When you’re picking classes, how much do you base your decisions off of what textbooks for certain courses will cost you? It’s a shame that any of us have to take this into account at all, but the unfortunate truth is that textbook cost is very often, well, ridiculous. Perhaps you’ve even tried to get through a class sans-textbook, relying on notes and friendly classmates who are willing to lend you theirs from time to time (I sound a little too familiar with this practice don’t I?). According to one study, college textbook prices have risen at four times the rate of inflation over the past twenty years. College Board estimates that students spend an average of 1,200 dollars on textbooks every year. That’s one-tenth the cost of a university’s yearly tuition, and one-third the cost of a community college’s. Woah.

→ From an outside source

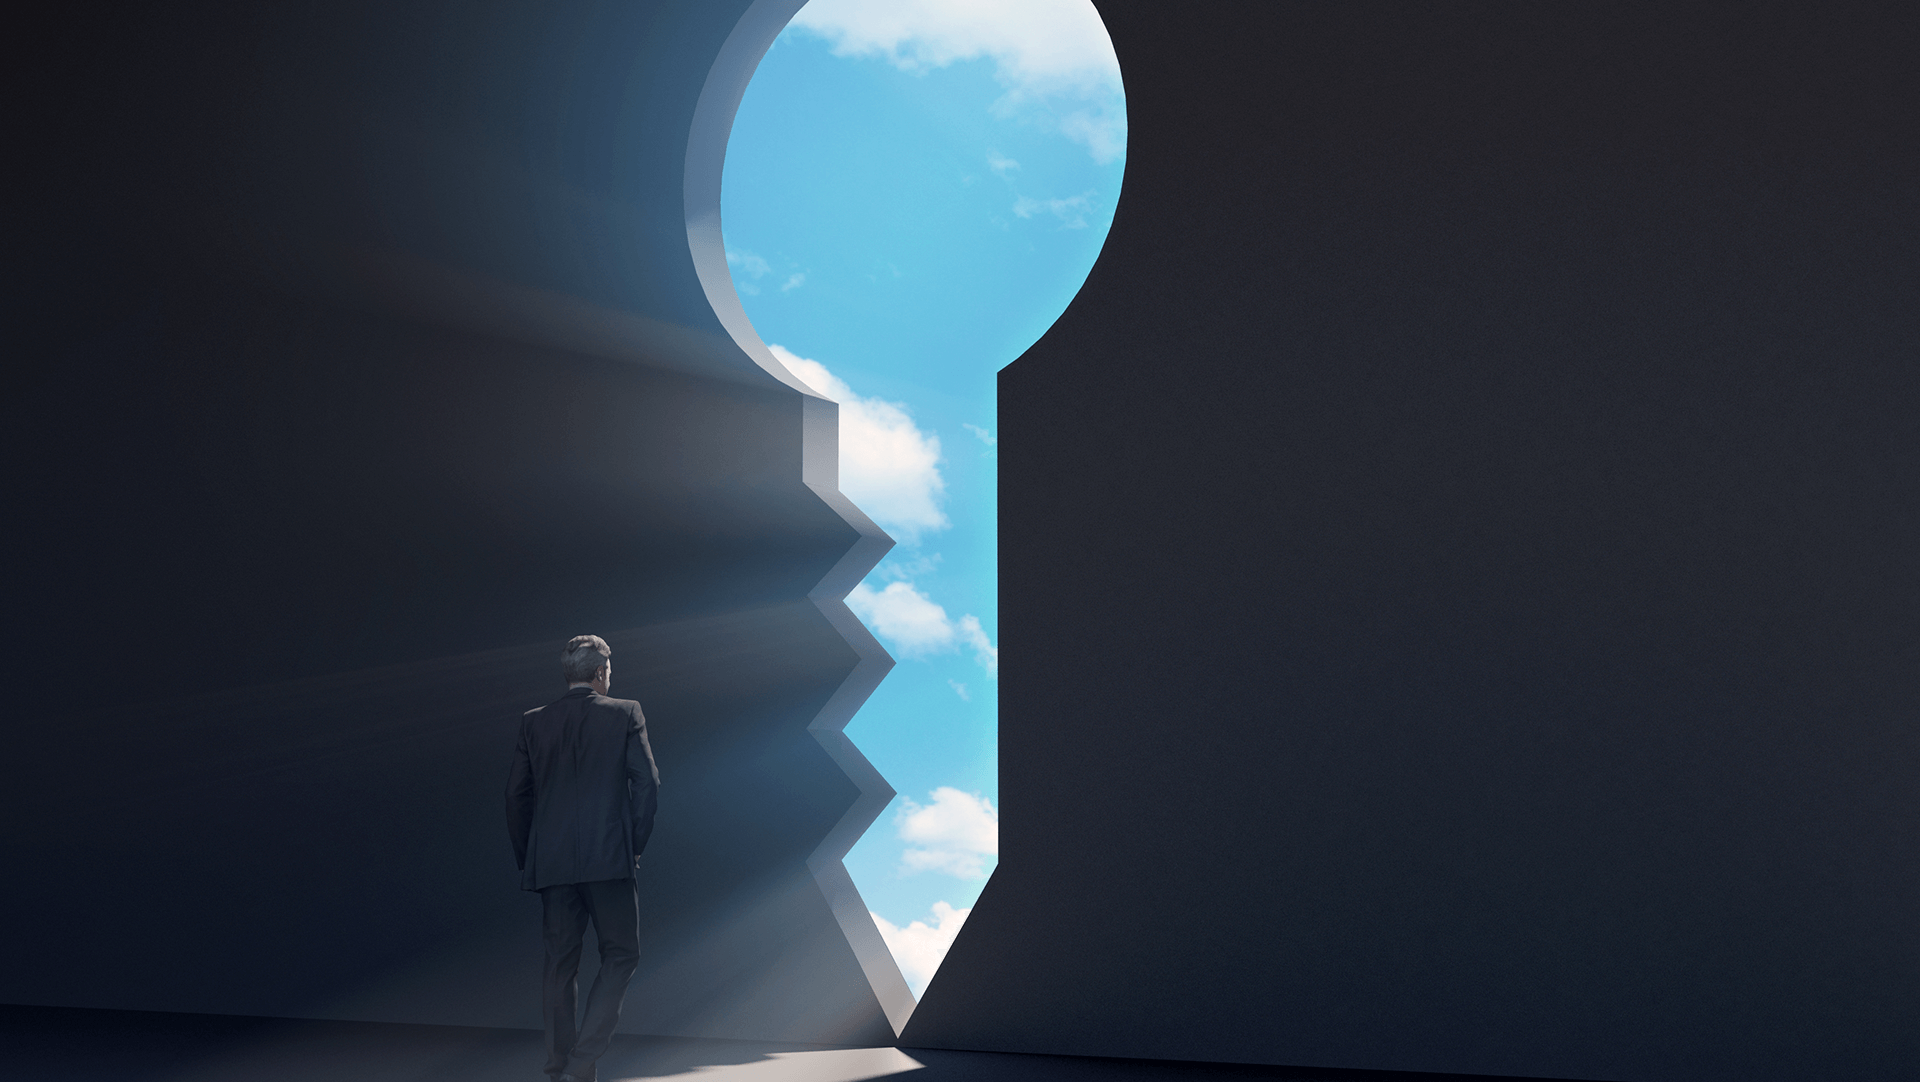 A businessman standing at the threshold of a giant keyhole-shaped doorway, looking out at the sky, symbolizing opportunity, discovery, and the unknown future.
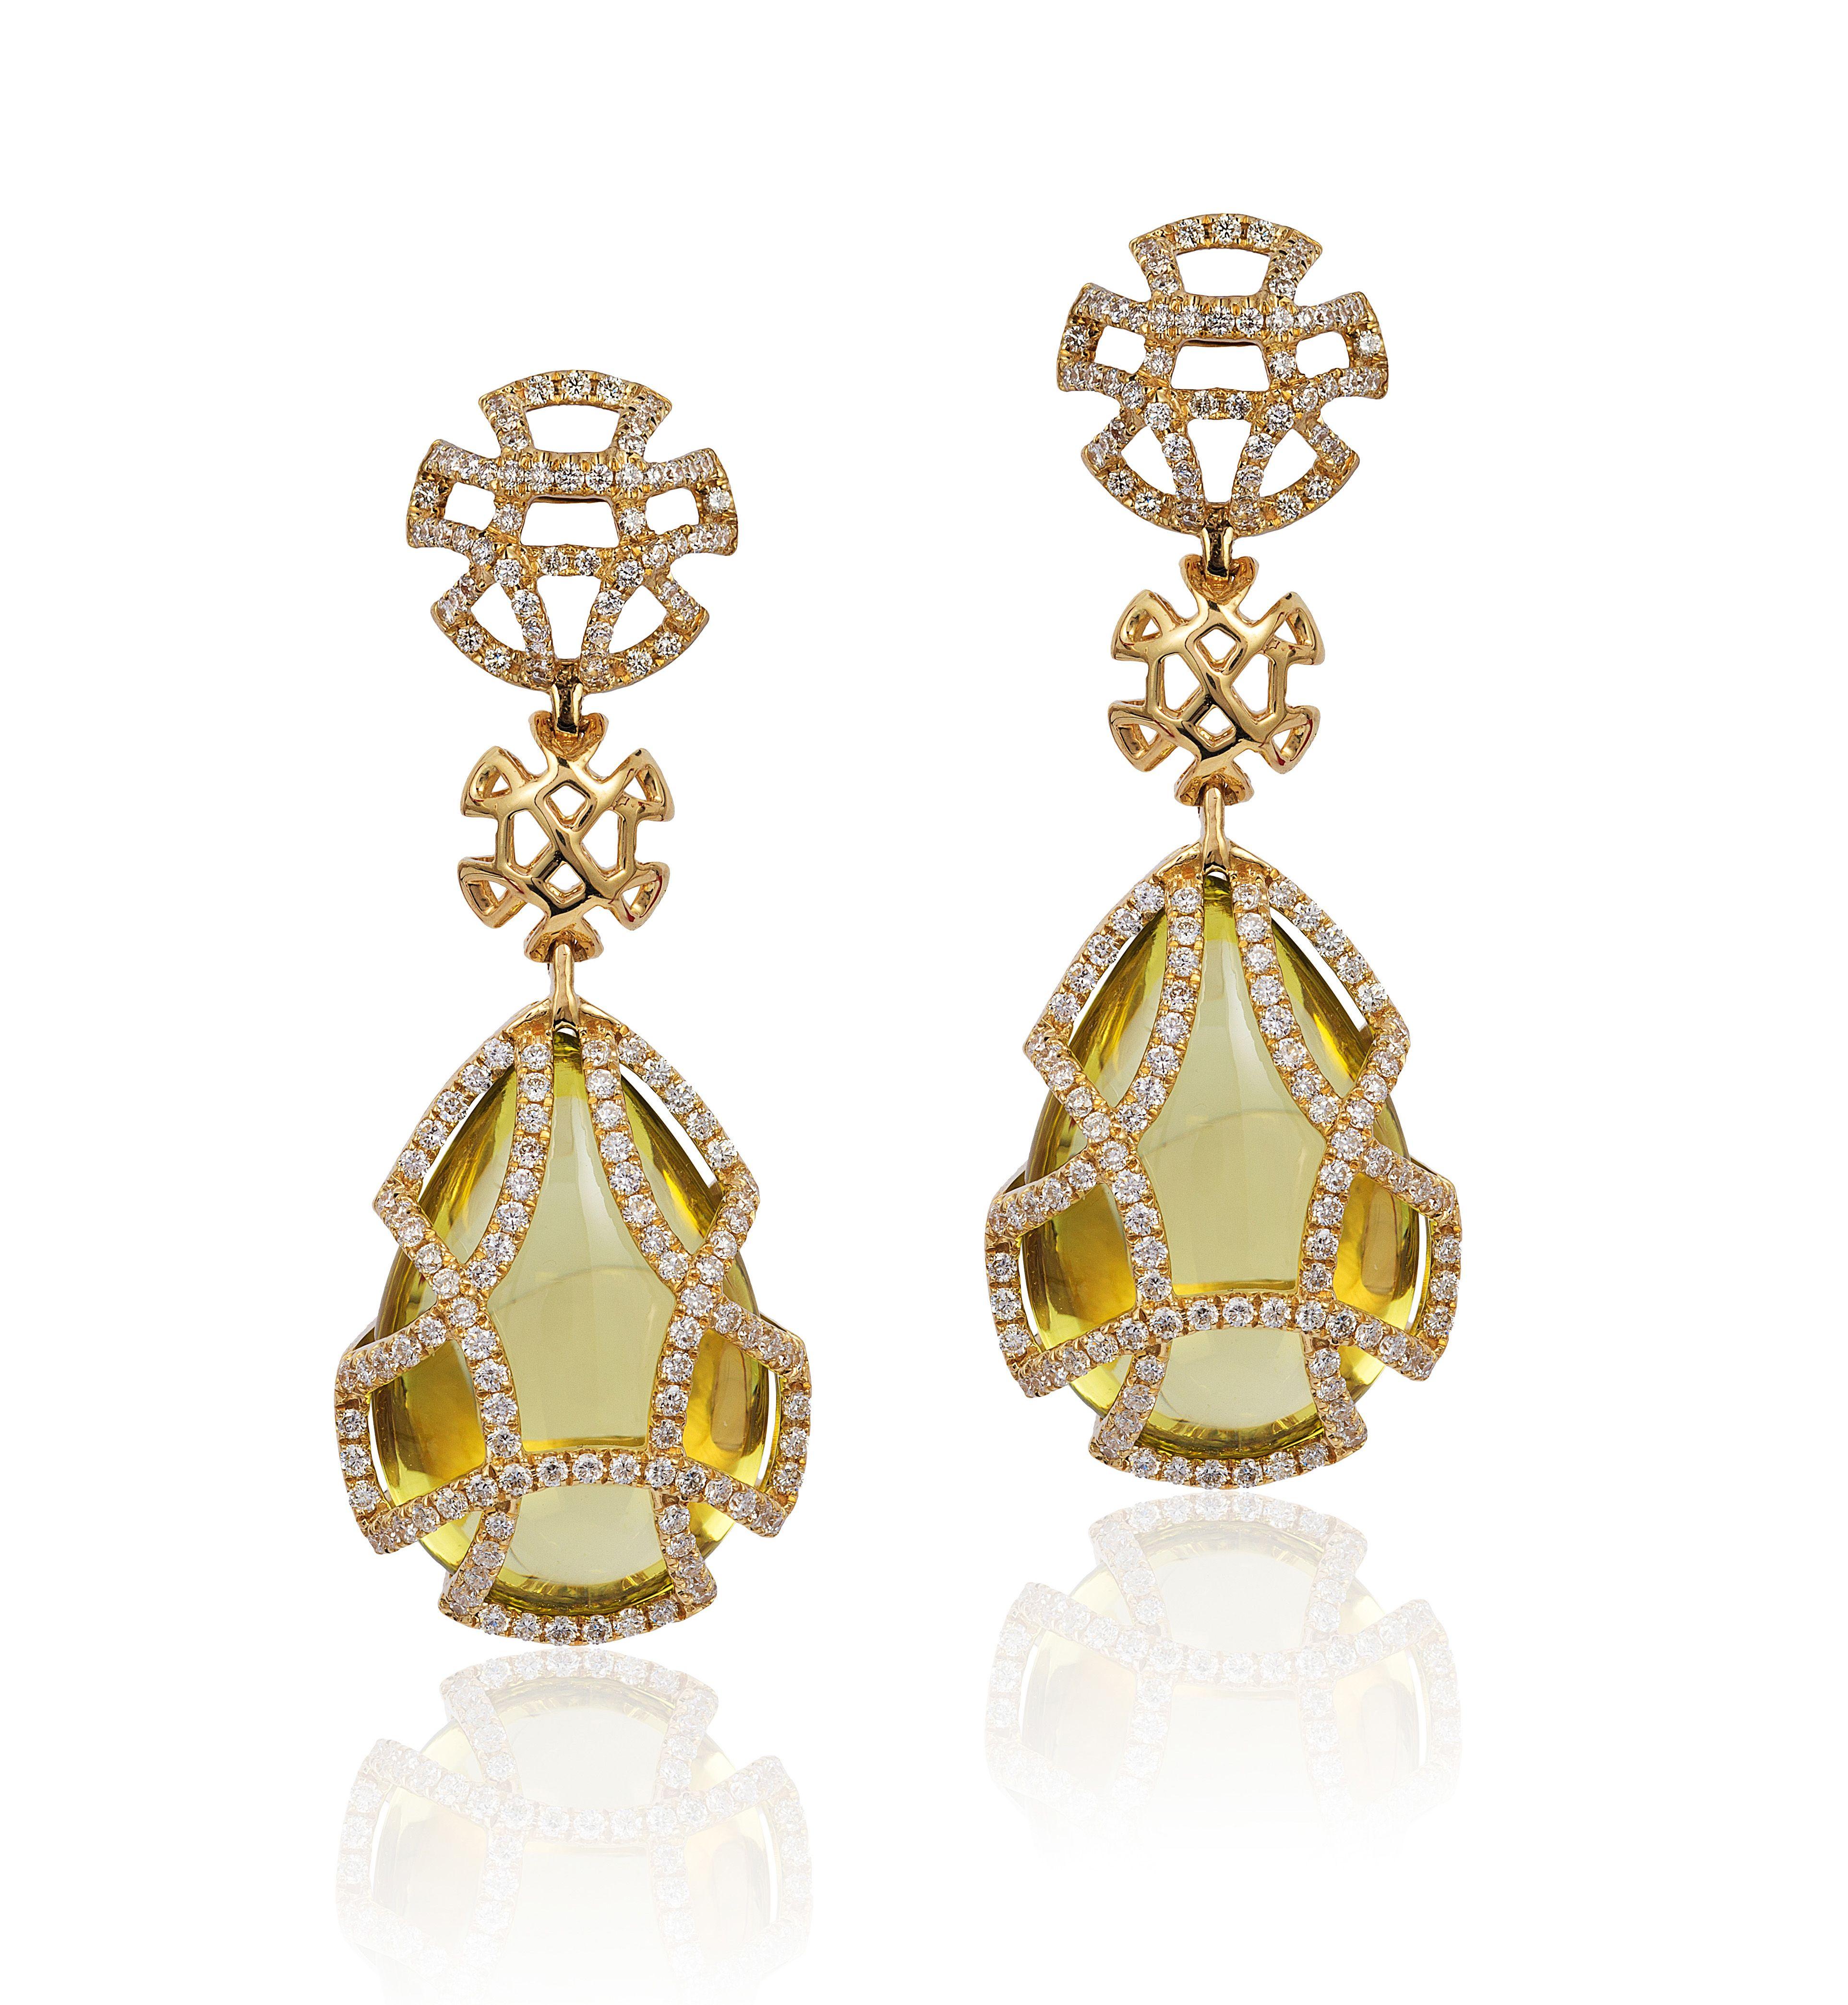 Lemon Quartz Teardrop Cage Earring with Diamonds in 18K Yellow Gold from 'Freedom

Students at UW have been asking professors to seek out cheaper alternatives, with an emphasis on open textbooks, which have been licensed under an open copyright and are often available online for little to no money. The stigma, of course, is that the quality of these open textbooks will be no match for the books produced by major publishers, but Quill West, a specialist hired by Tacoma Community College to help professors in the finding of these online books, says that quality open textbooks do exist, they’re just harder to track down due to their placement outside of the marketing spotlight. In my experience, it seems that a lot of the time these big expensive textbooks we have to get aren’t even used that often. Much of the information that is found in them can be heard in class-and research projects are often more concerned with scholarly texts found in online databases that anything the textbook has to offer. It seems to me that the use of open textbooks is not only a very helpful idea, but one that isn’t at all outside the realm of practicality.
How much do you spend on books every year, and what do you think about the option of open textbooks?